Large-scale study of flash drive failures (article review)

The most interesting study “A Large-Scale Study of Flash Memory in the Field” was recently published by Qiang Wu and Sanjev Kumar from Facebook, as well as Justin Meza and Onur Mutlu from Carnegie Mellon University. Below are the main conclusions from the article with a few comments.

Now, when flash drives are very actively used as a high-performance replacement for hard drives, their reliability plays an increasingly important role. Chip failures can lead to downtime and even data loss. To develop an understanding of the processes of changing the reliability of flash memory in real conditions of a loaded project, a study was conducted, which is presented in the article under discussion.

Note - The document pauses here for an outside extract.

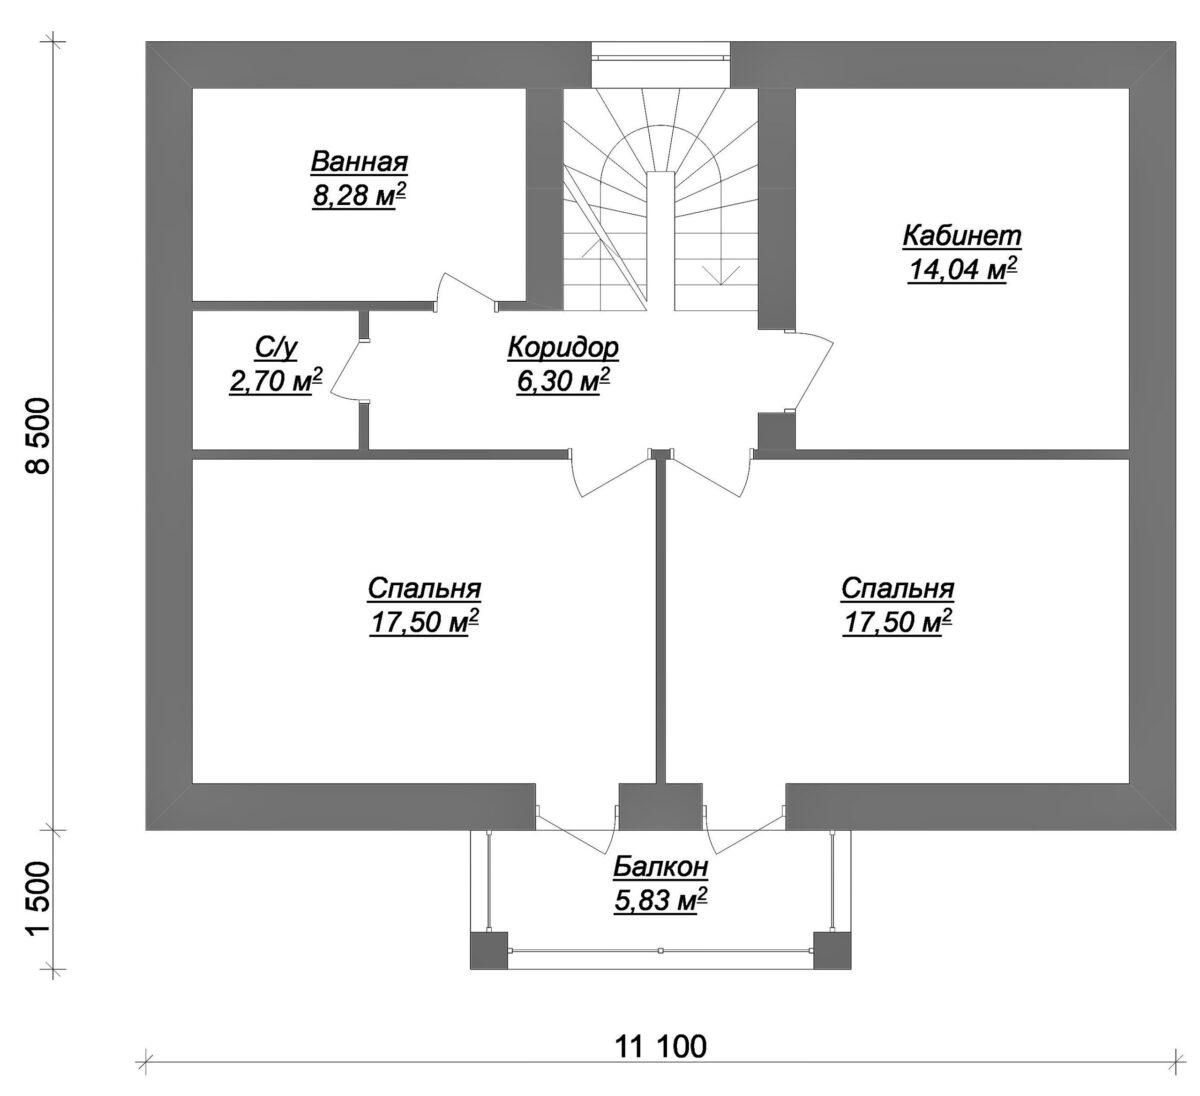 Вершина B-047. Проект одноэтажного мансардного дома на две спальни + кабинет, с сауной

The authors collected extensive statistics for four years of operating flash drives in Facebook data centers.
')
As many probably know, Facebook has long been the best (and main) customer of Fusuion-IO (now purchased by SANdisk), which was one of the first to launch PCI-e flash drives.

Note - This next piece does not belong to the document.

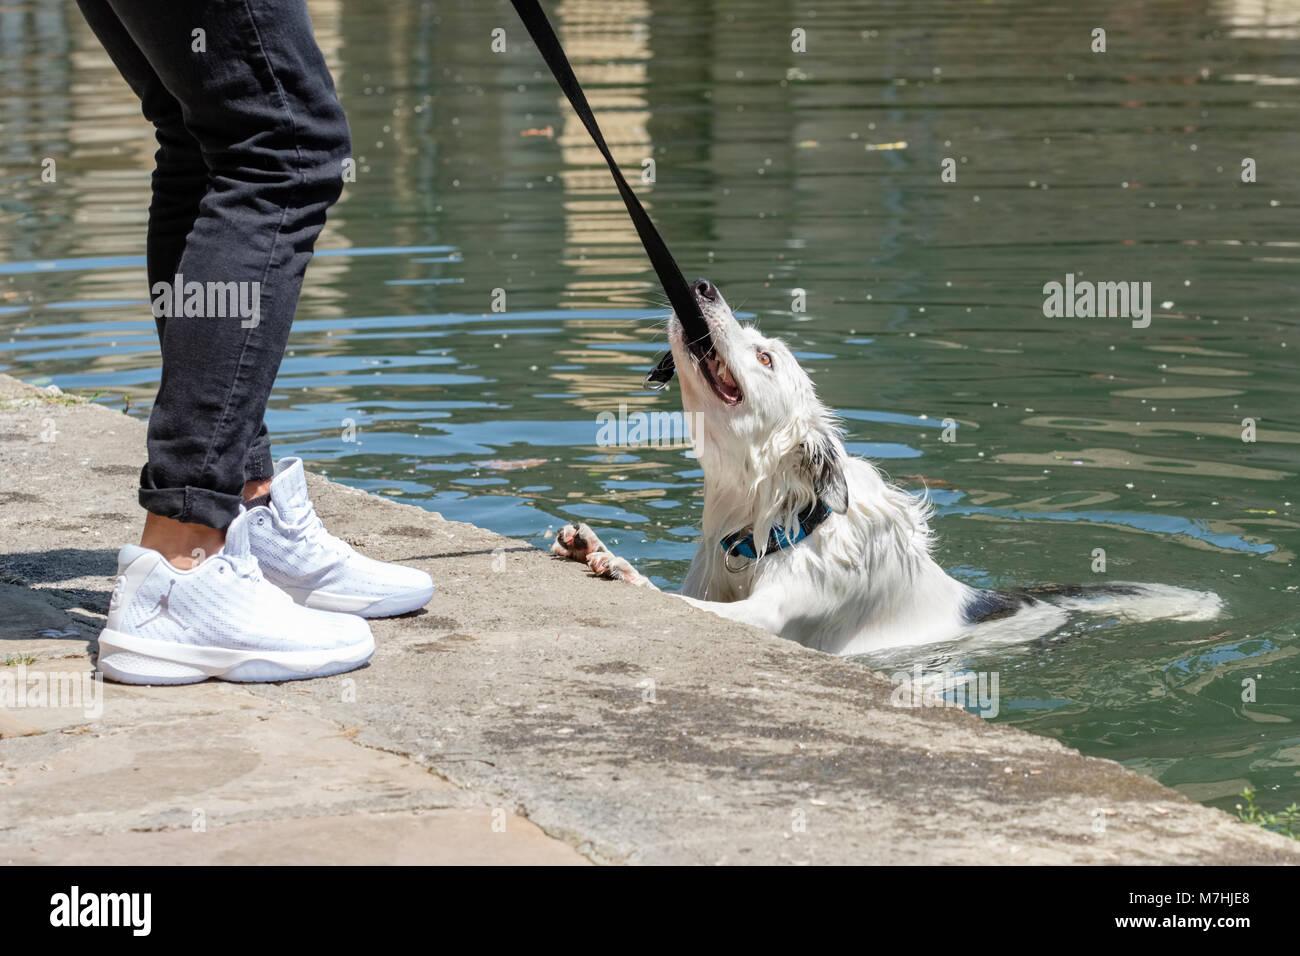 Perro Mascota dentro y fuera del río Ibaizabal, Durango, Vizcaya, País Vasco, España Imagen De Stock

As a result of the analysis of the collected data, a number of interesting conclusions were made:

• SSD failure probability varies non-linearly with time. It can be expected that the probability of failure will grow linearly with the increase in the number of write cycles. On the contrary, there are separate peaks in which the probability of failure increases, but these peaks are determined by factors other than normal wear and tear.
• Reading errors are rare in practice and are not dominant.
• The distribution of data across the volume of SSD drive can significantly affect the probability of failure.
• An increase in temperature leads to an increase in the probability of failure, but thanks to the support of throttling, the negative temperature effect is significantly reduced.
• The amount of data that was recorded on the SSD by the operating system does not always accurately reflect the degree of wear of the drive, since the controller has internal optimization algorithms and also uses buffering in the system software.

Objects of study.
The authors managed to obtain statistical data from a variety of 3 types of drives (of different generations) in 6 different hardware configurations: 1 or 2 720GB PCI-e v1 x4 drives, 1 or 2 1.2TB PCI-e v2 x4 drives and 1 or 2 3.2TB PCI drives -e v2 x4. Since all measurements were taken from “live” systems, the operation time of the drives (as well as the recorded / read amount of data) differs significantly from each other. However, the data collected was sufficient to obtain statistically significant data after averaging the results within individual groups. The main measurable indicator of the reliability with which the authors of the article operate is the uncorrectable bit error rate, UBER = unrecorectable errors / bits accessed. These are the errors that occur when reading / writing, but can not be corrected by the ssd controller. It seems very interesting that for some systems, UBER indicators are comparable to the order of magnitude with data obtained by other researchers when measuring bit errors (BER) at the level of individual chips in synthetic tests (LM Grupp, JD Davis, and S. Swanson. The Bleak Future of NAND Flash Memory. In FAST, 2012.). However, this similarity was obtained only for first-generation drives and only in a configuration with two boards in the system. In all other cases, the difference is several orders of magnitude, which looks quite logical. Most likely, the reason was a number of both internal and external (temperature, power) factors, so no significant conclusions from this observation can be made.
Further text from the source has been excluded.